### TASK STATEMENT
Pictures aside, every line of the listing should be given again exactly.

DATA BELOW below:

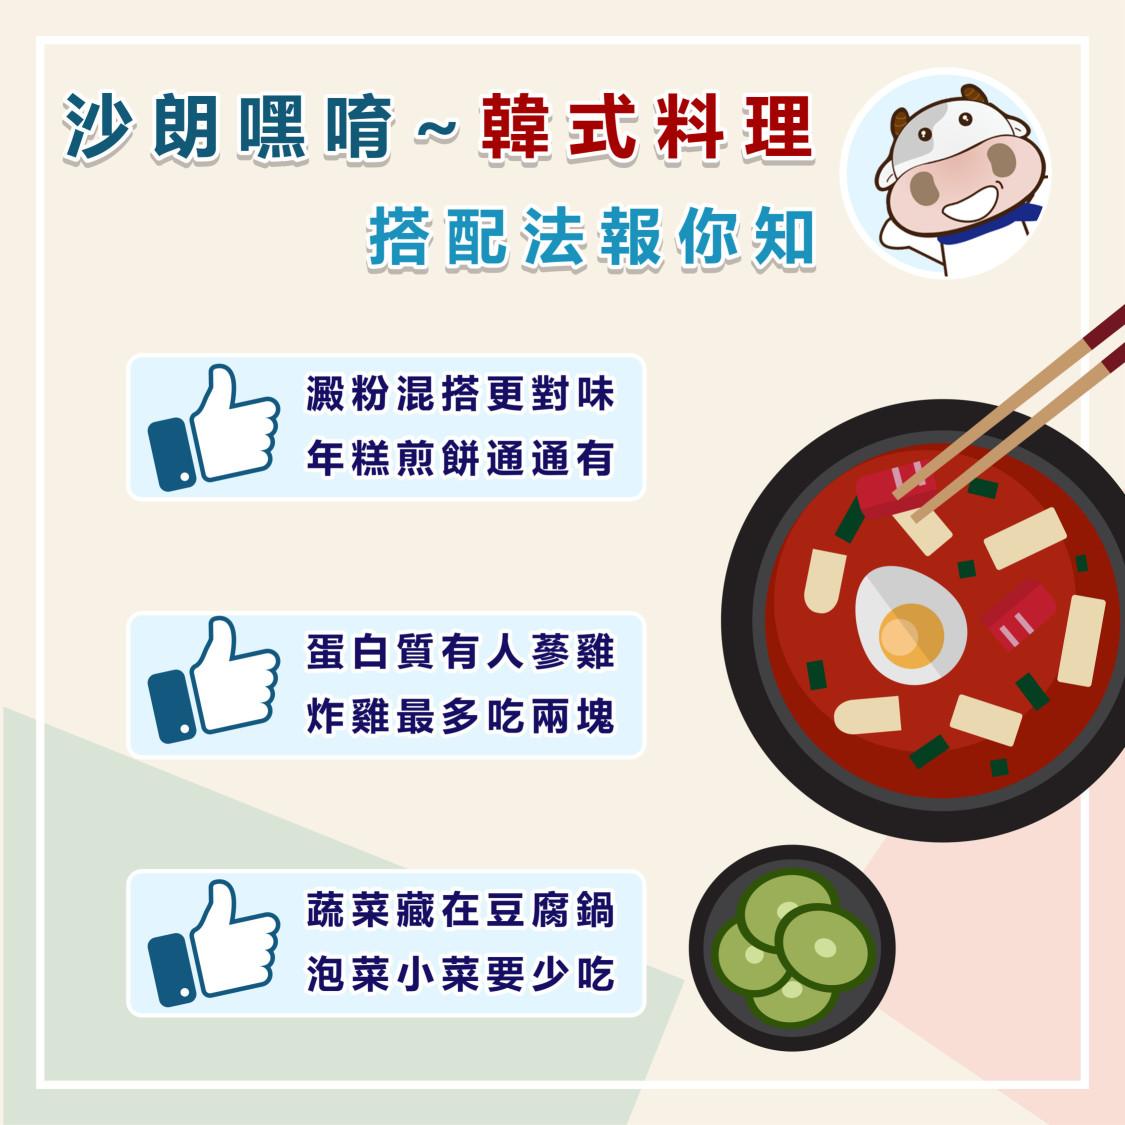 糖尿病也能吃韓式料理!澱粉、蛋白質、蔬菜這樣搭
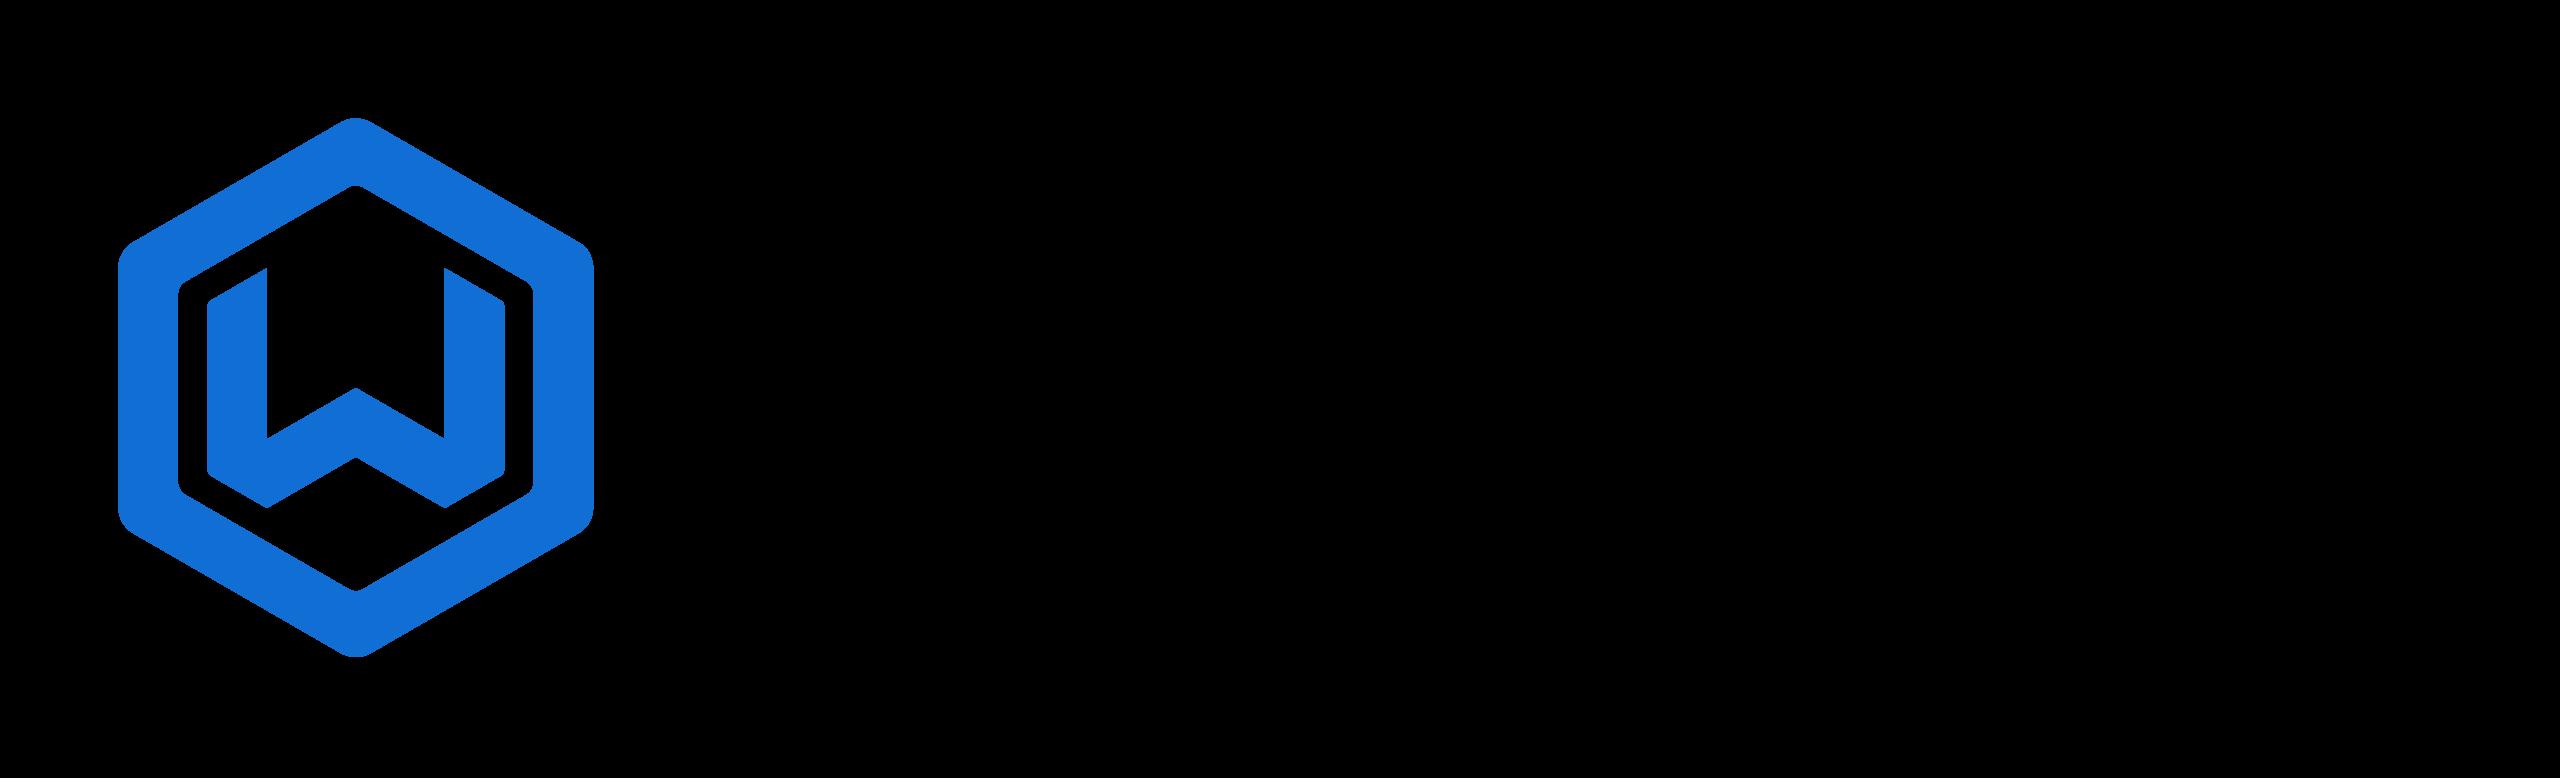 wealthbox-logo-dark
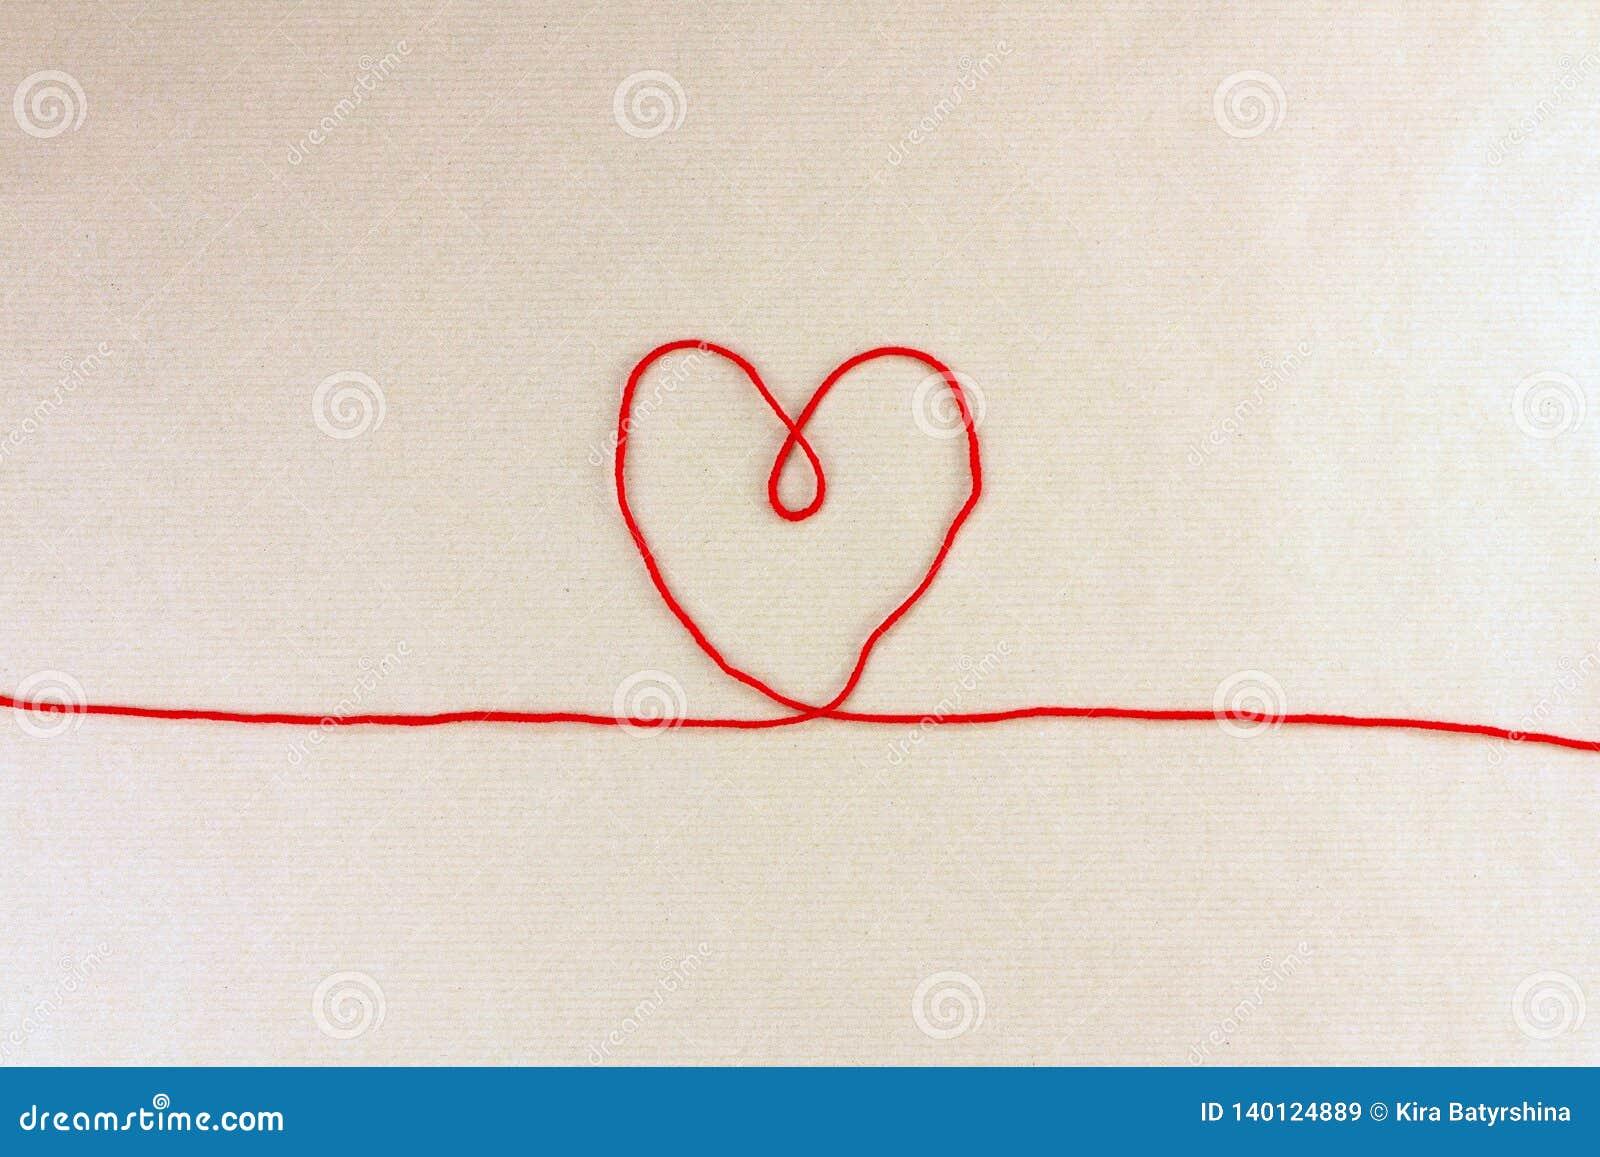 Rood draad, hart en verwarring op lichte ambachtdocument achtergrond, liefdeconcept, hoogste mening

End of DATA BELOW.

### COMPLETED EXERCISE
 糖尿病也能吃韓式料理!澱粉、蛋白質、蔬菜這樣搭
 wealthbox-logo-dark
 Rood draad, hart en verwarring op lichte ambachtdocument achtergrond, liefdeconcept, hoogste mening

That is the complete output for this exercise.